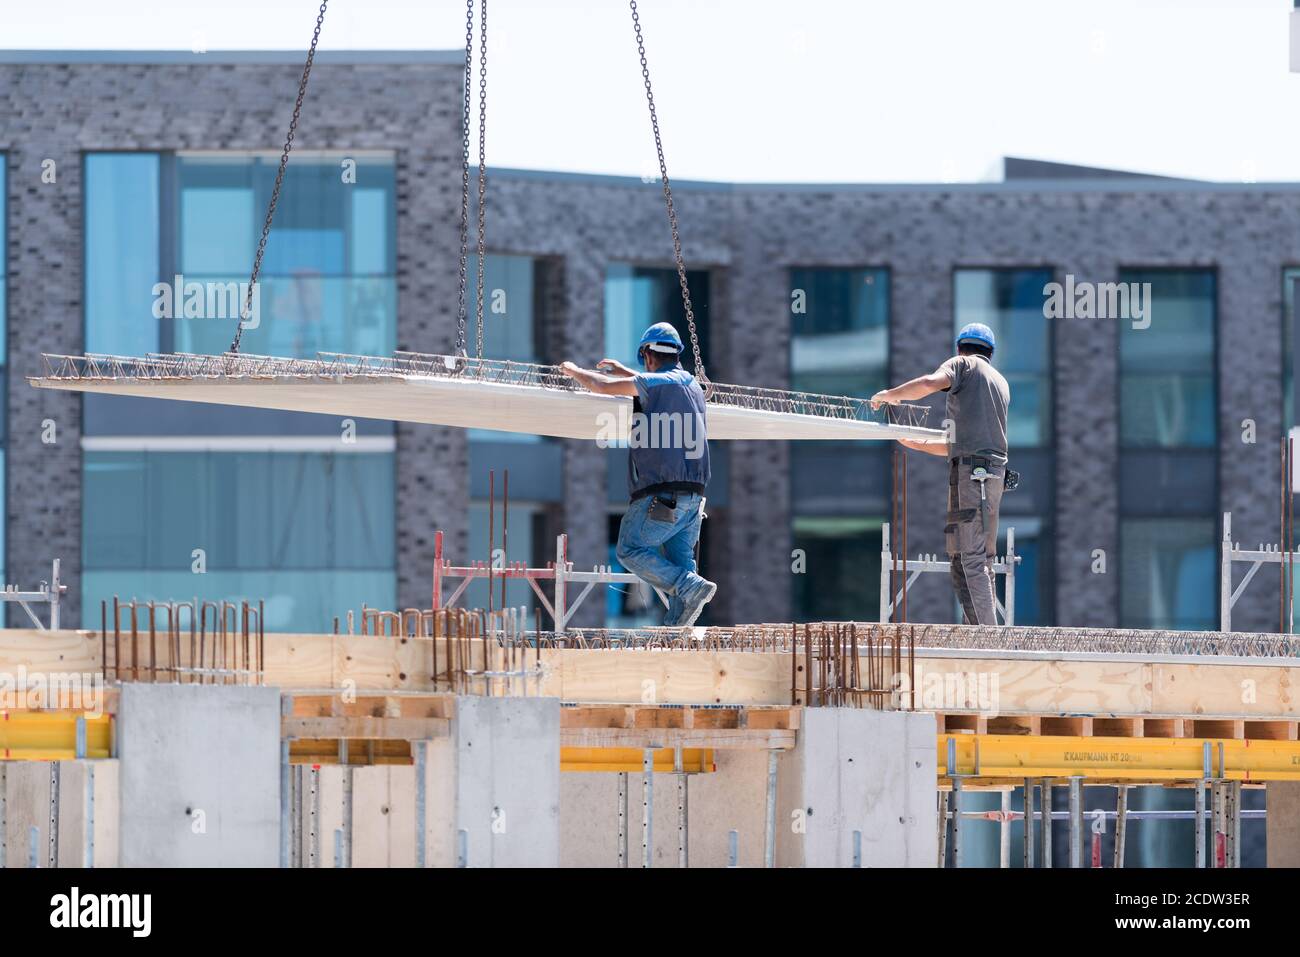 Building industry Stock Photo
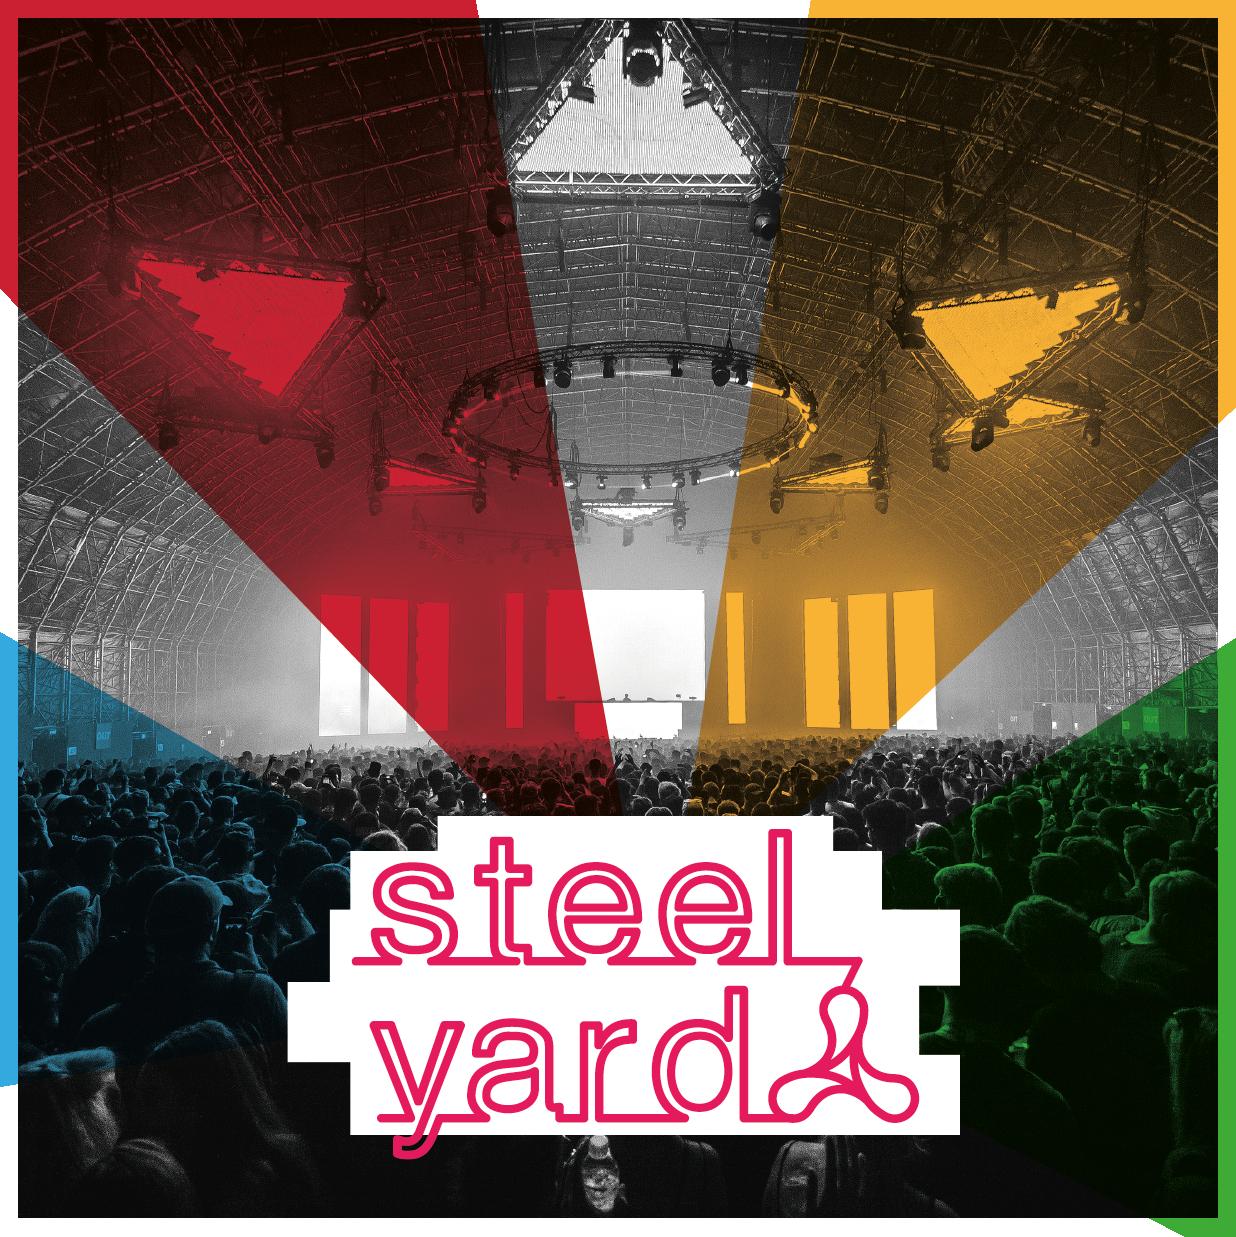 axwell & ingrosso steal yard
---
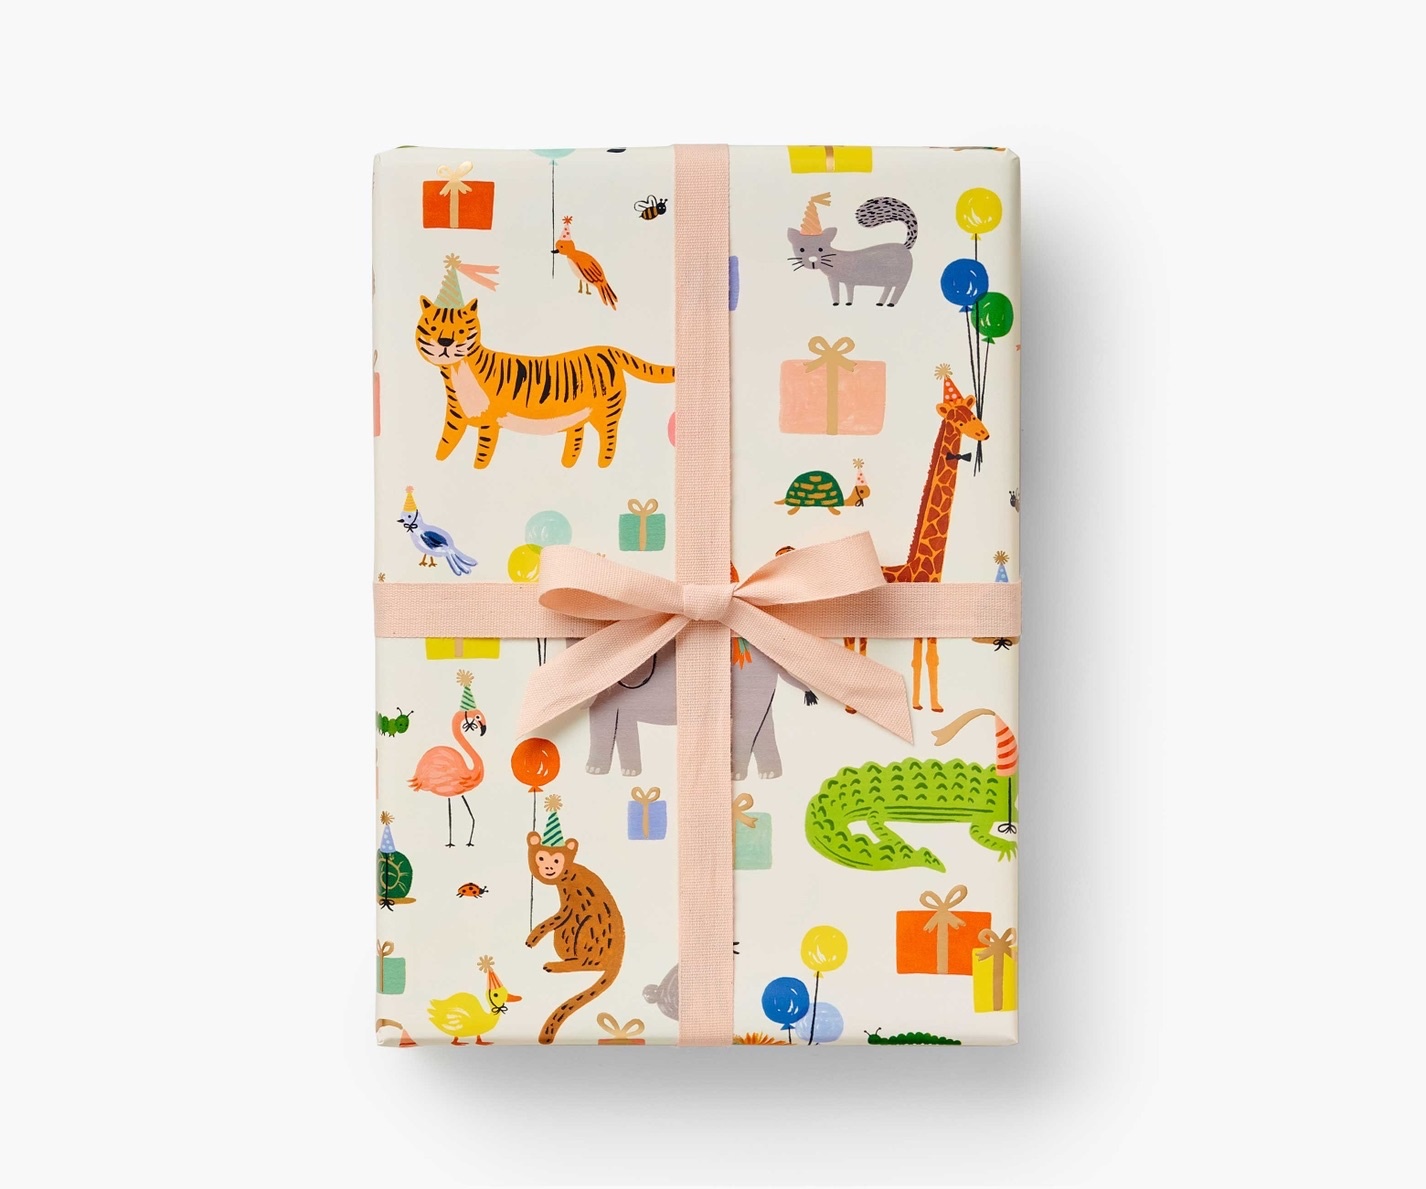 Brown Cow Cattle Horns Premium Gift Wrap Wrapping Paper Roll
--
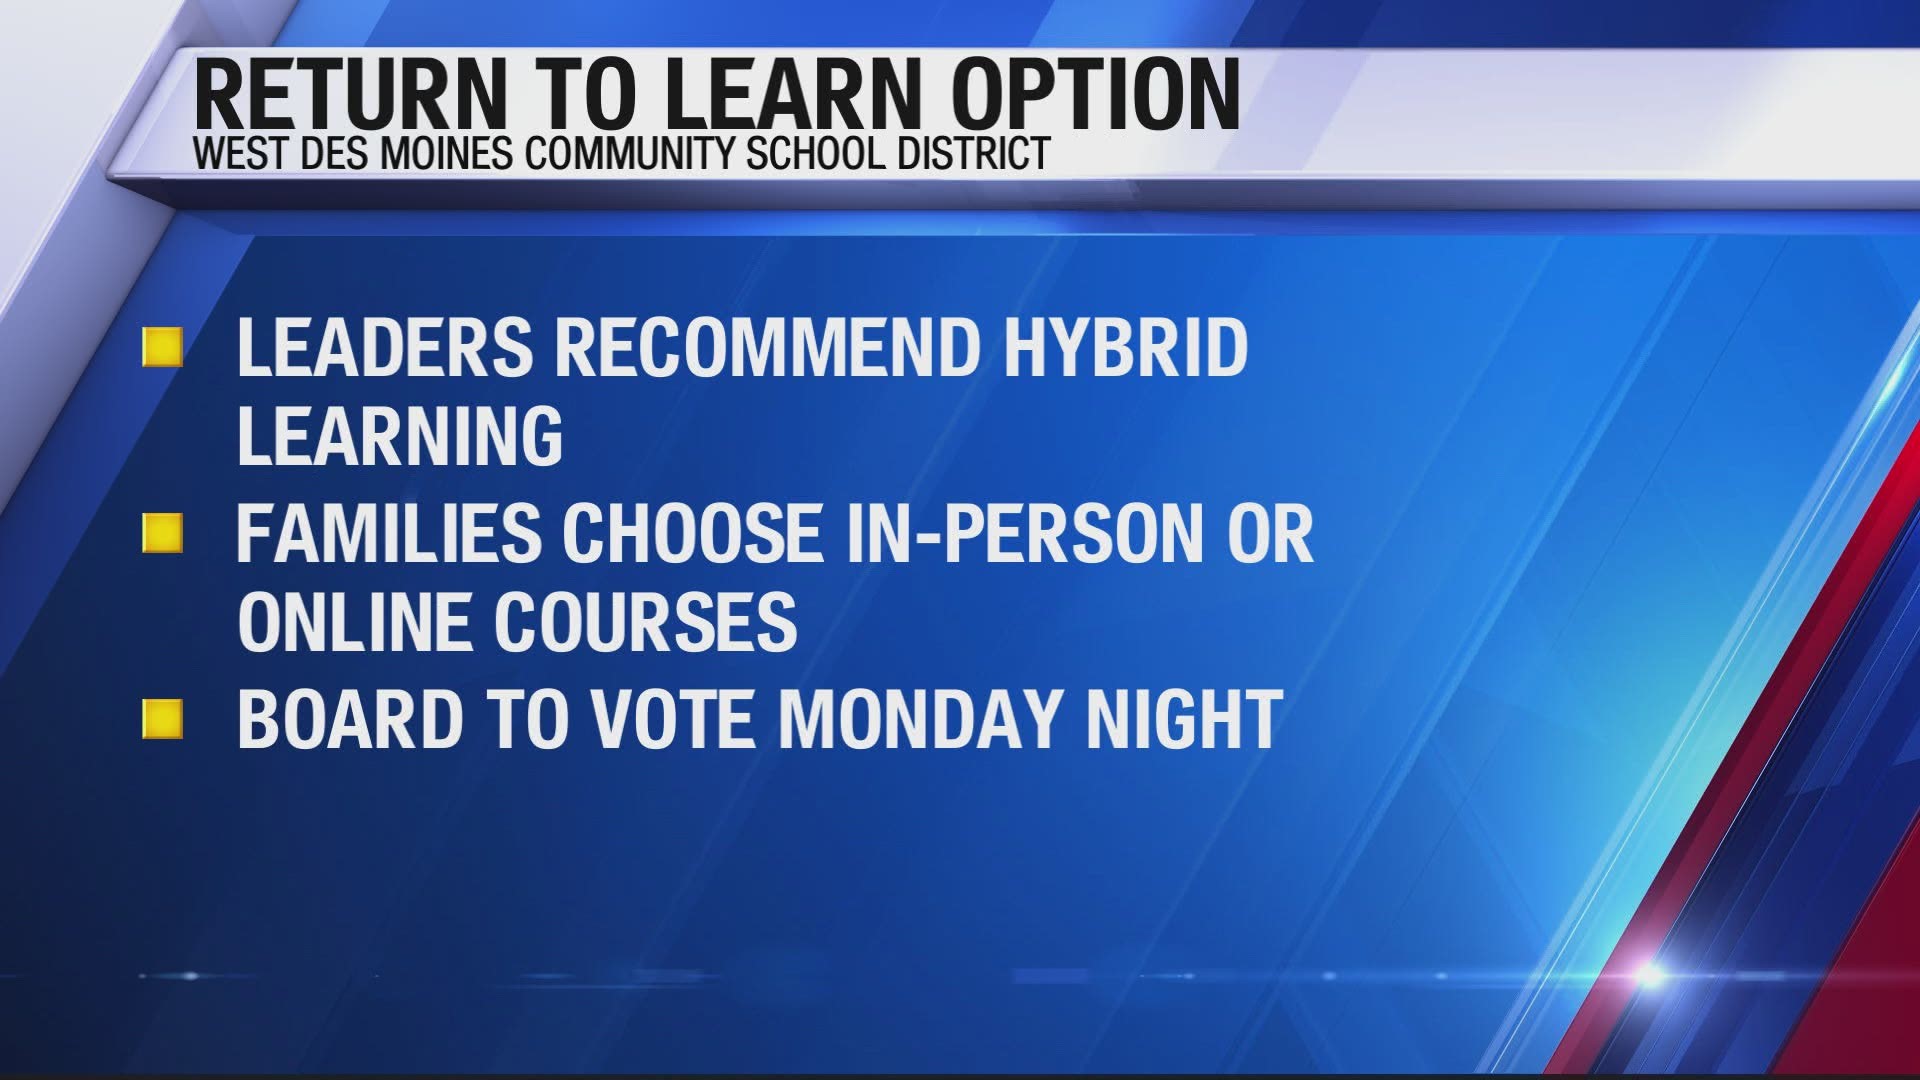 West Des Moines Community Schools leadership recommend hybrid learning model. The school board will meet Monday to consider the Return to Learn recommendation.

PROBLEM DESCRIPTION
Starting from the line with "Building industry Stock Photo" in the records above, repeat each line exactly until you have written the line with "axwell & ingrosso steal yard", then stop; drop the pictures.

WRITTEN SOLUTION
 Building industry Stock Photo
 axwell & ingrosso steal yard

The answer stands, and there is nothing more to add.